== DATA SHOWN ==
################

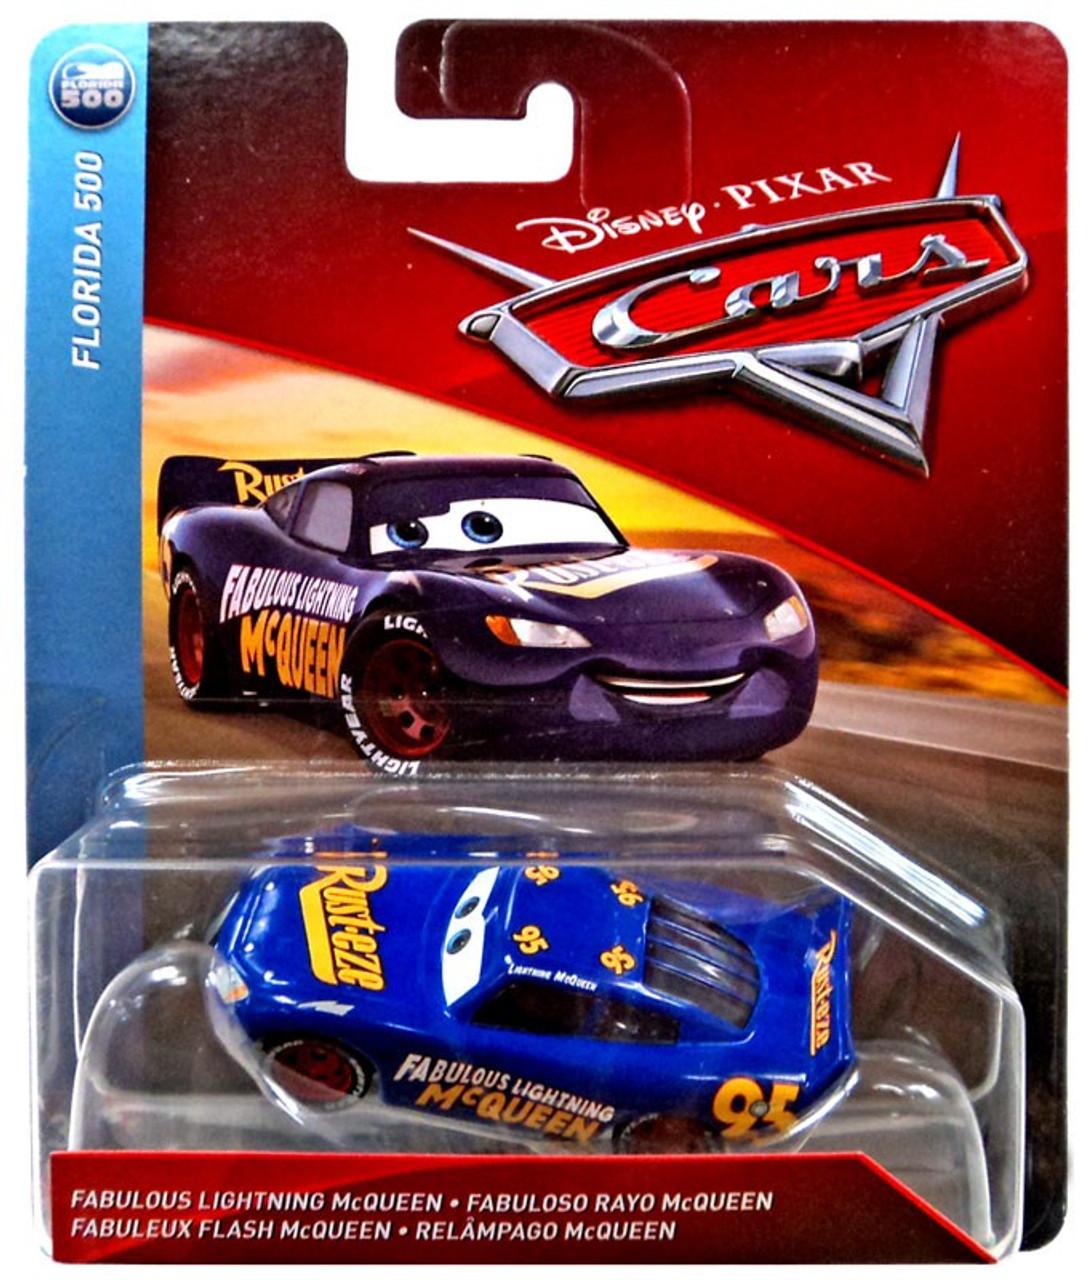 disney pixar cars cars 3 florida 500 fabulous lightning mcqueen 155
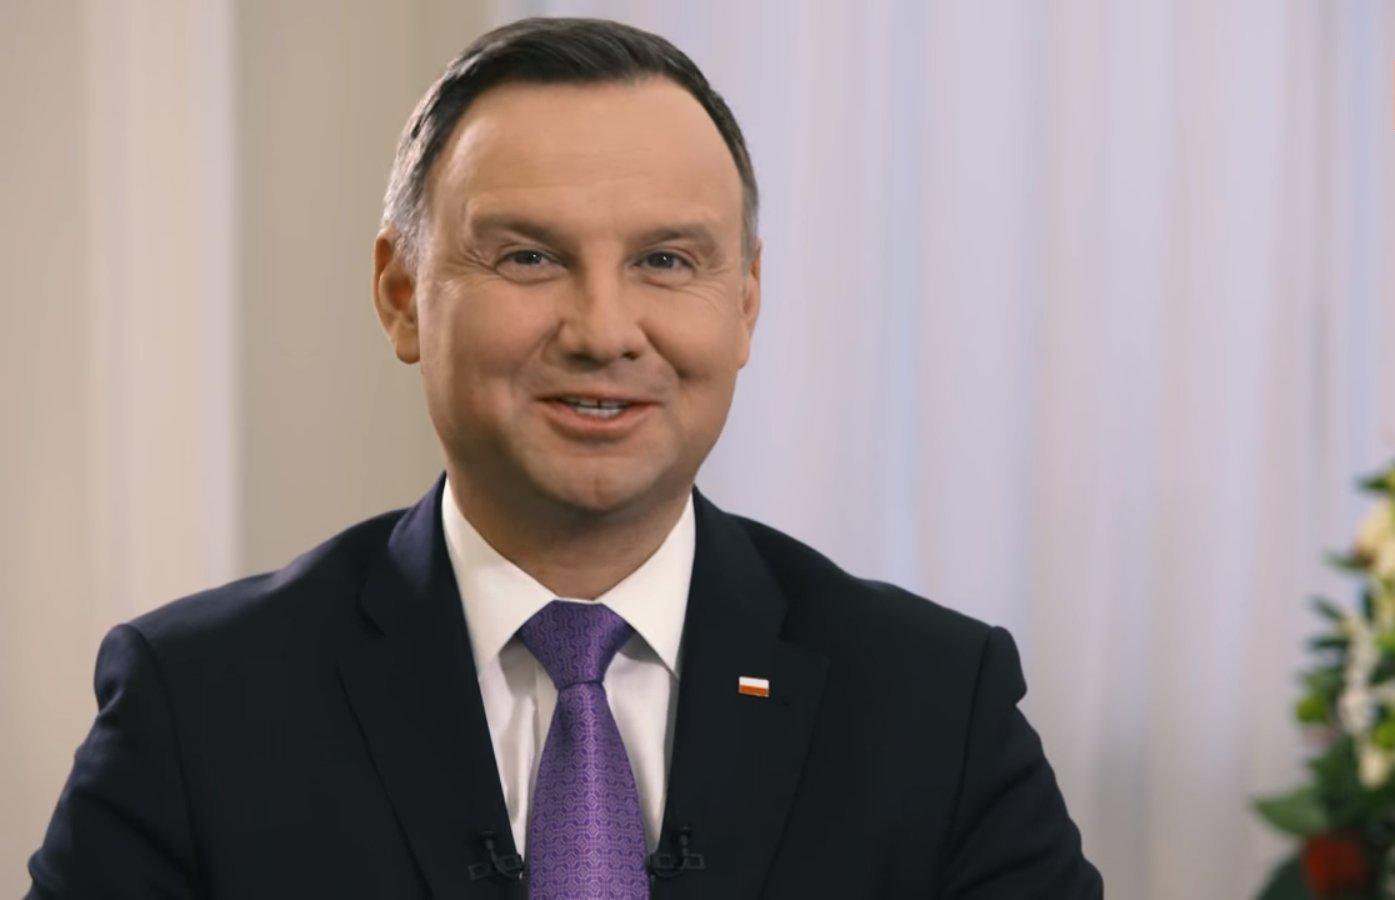 sondaż - Andrzej Duda
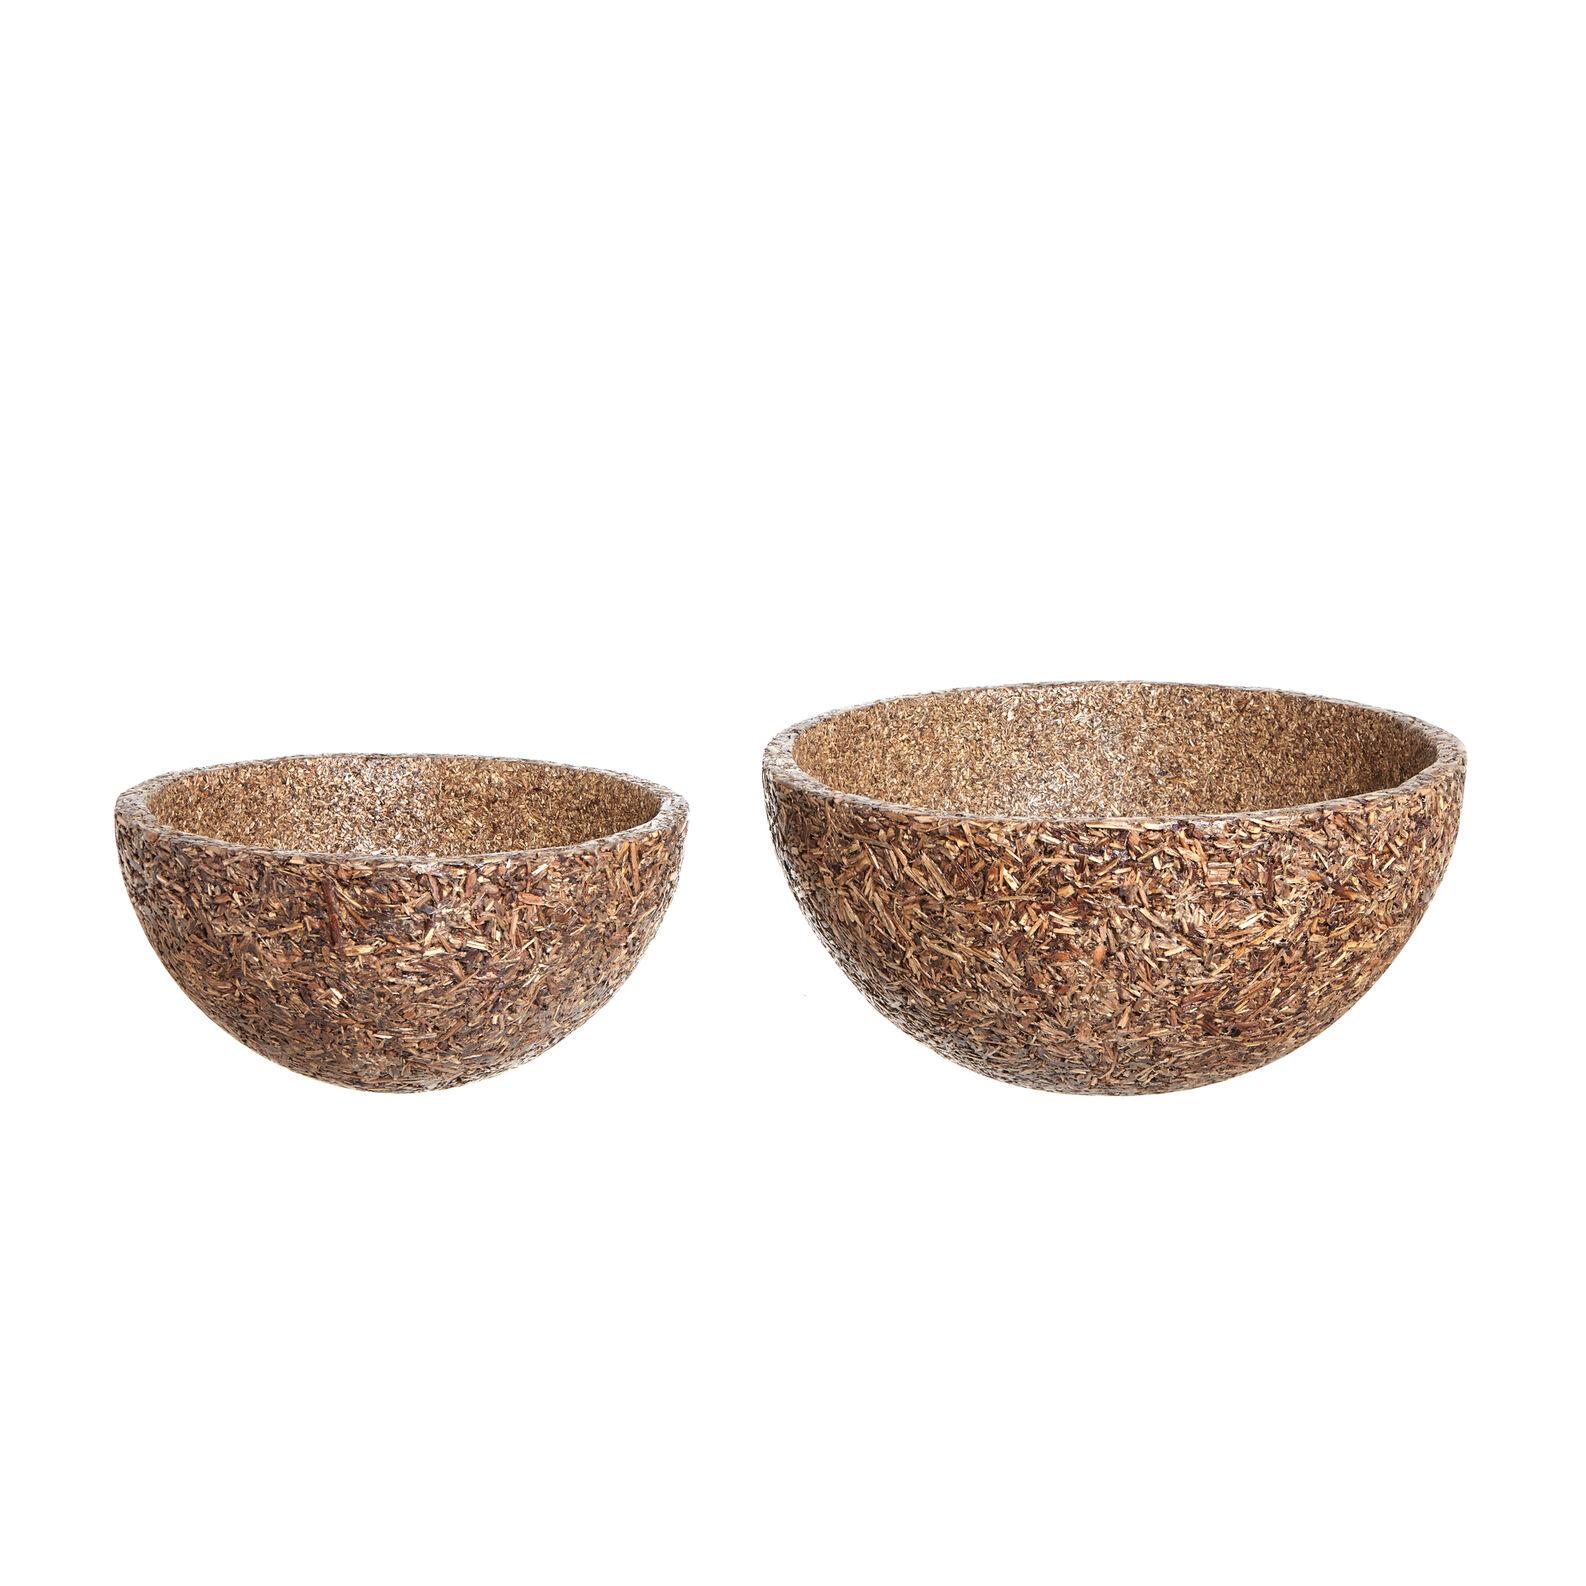 Decorative bowl in agroforestry debris

################

== YOUR OBJECTIVE ==
Print the listing word for word, but omit the pictures.

== WRITTEN REPLY ==
 disney pixar cars cars 3 florida 500 fabulous lightning mcqueen 155
 sondaż - Andrzej Duda
 Decorative bowl in agroforestry debris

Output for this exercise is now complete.